• Data shown:
== Segment start ==

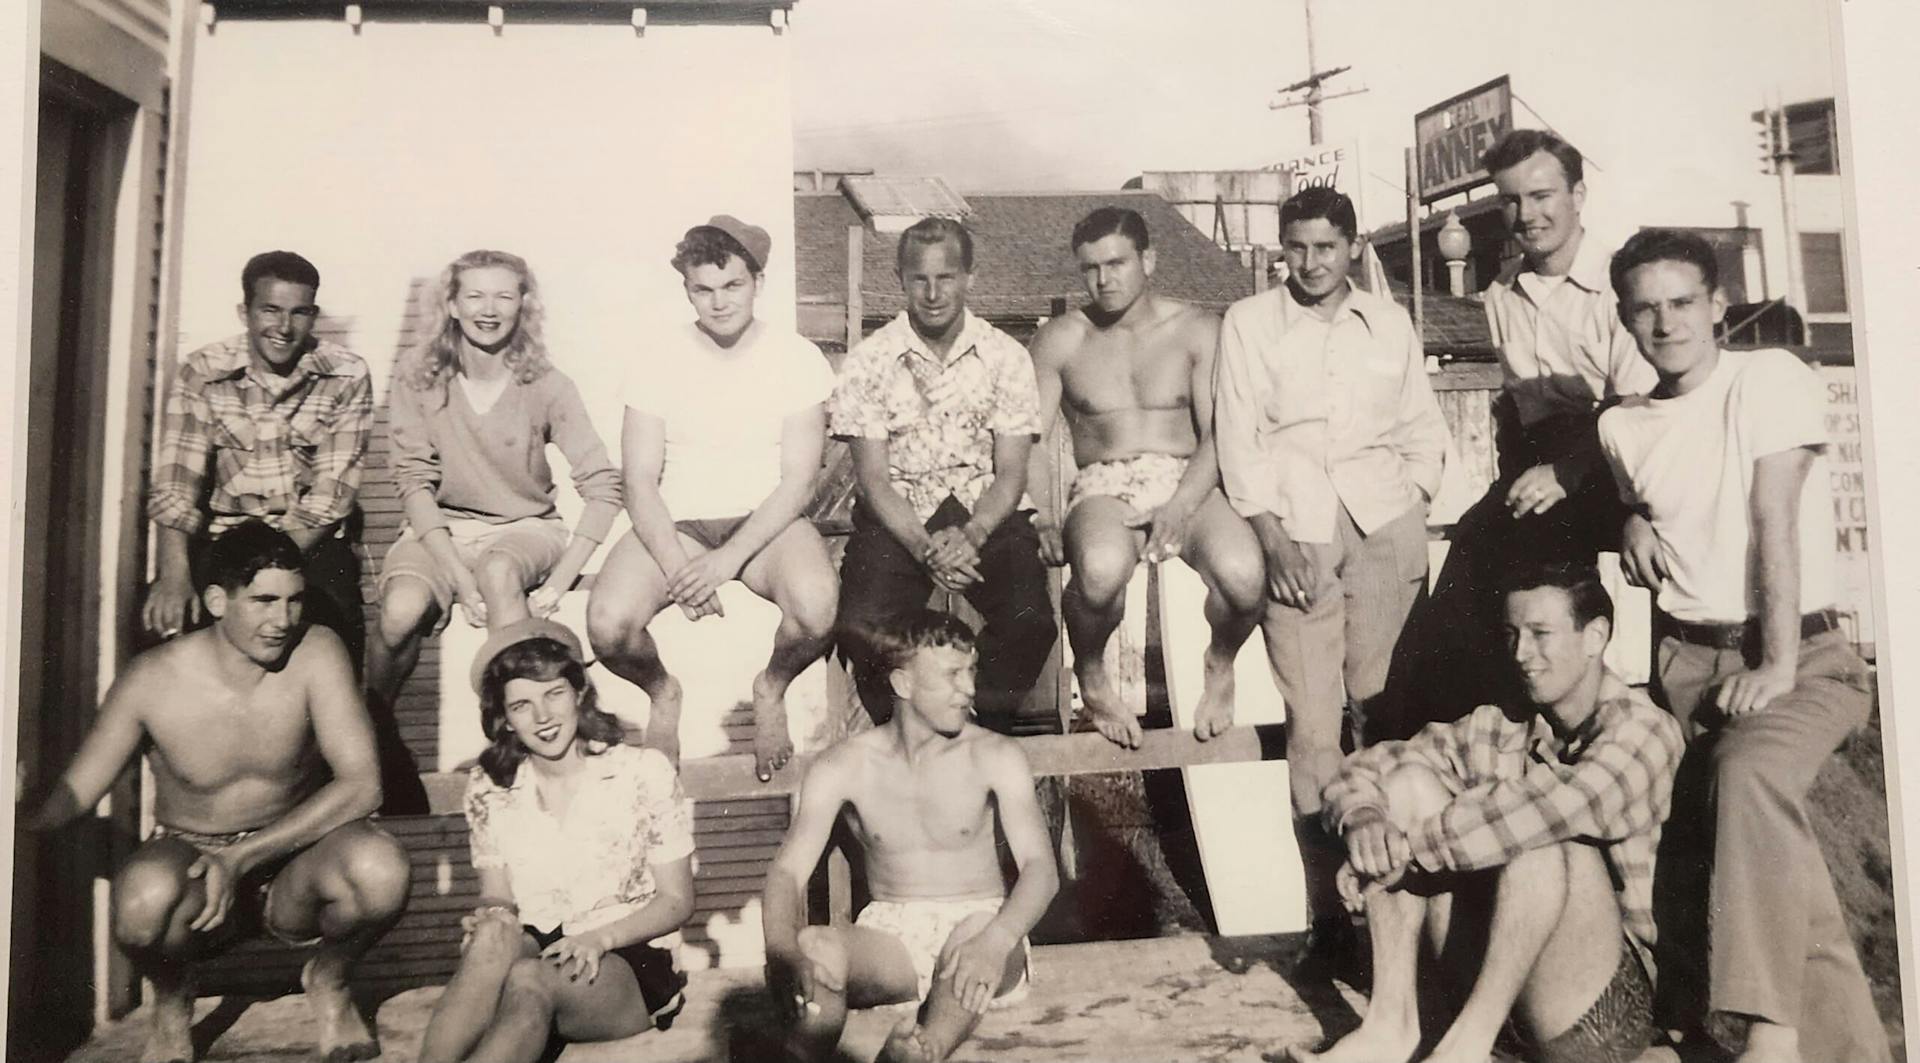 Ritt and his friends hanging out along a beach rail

== Segment end ==
== Segment start ==

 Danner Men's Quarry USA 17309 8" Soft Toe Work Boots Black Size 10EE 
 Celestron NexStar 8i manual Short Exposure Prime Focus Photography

== Segment end ==
== Segment start ==

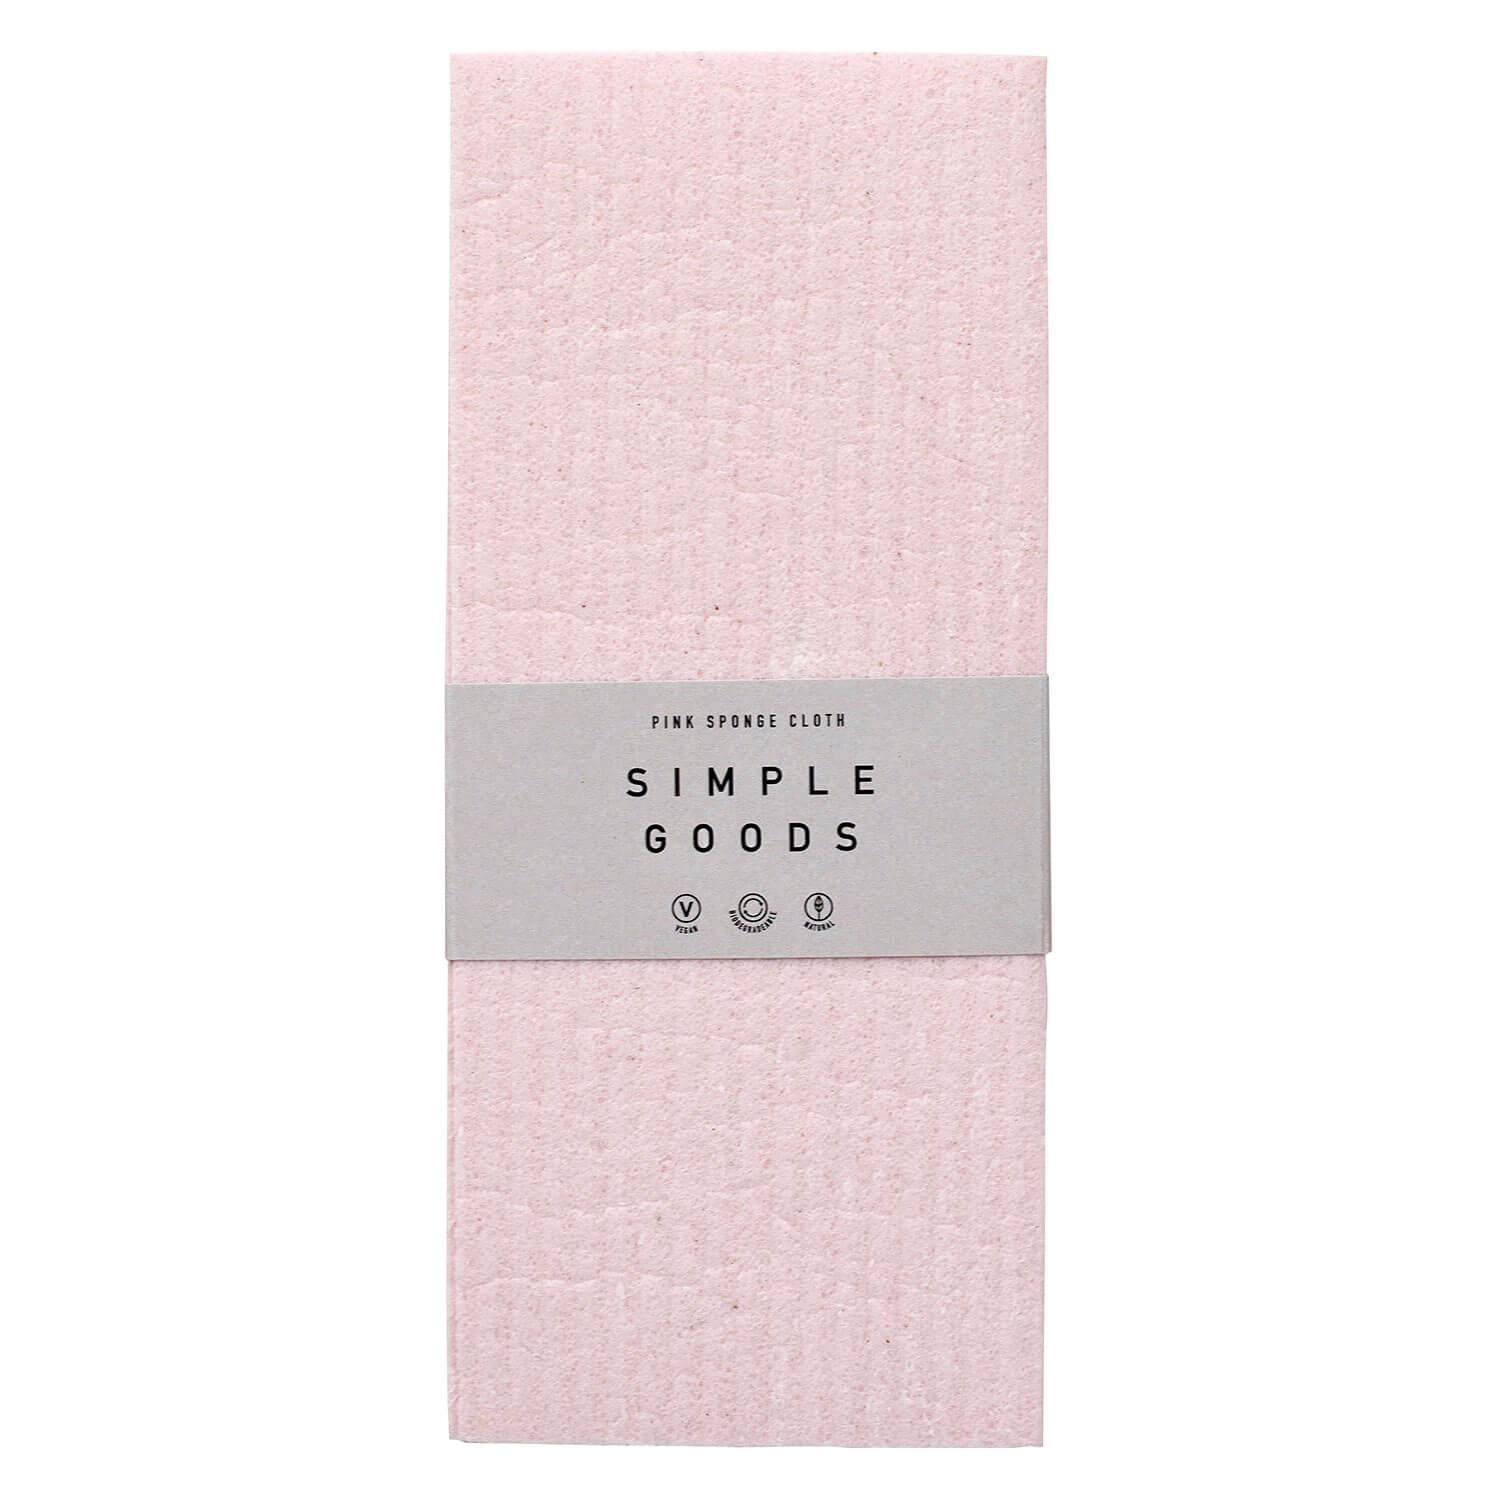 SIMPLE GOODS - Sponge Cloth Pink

== Segment end ==

What are the lines above, starting at the one with "Danner Men's Quarry" and ending at the one with "Celestron NexStar 8i"? Give them again exactly, and only them.

• Output for this task:
 Danner Men's Quarry USA 17309 8" Soft Toe Work Boots Black Size 10EE 
 Celestron NexStar 8i manual Short Exposure Prime Focus Photography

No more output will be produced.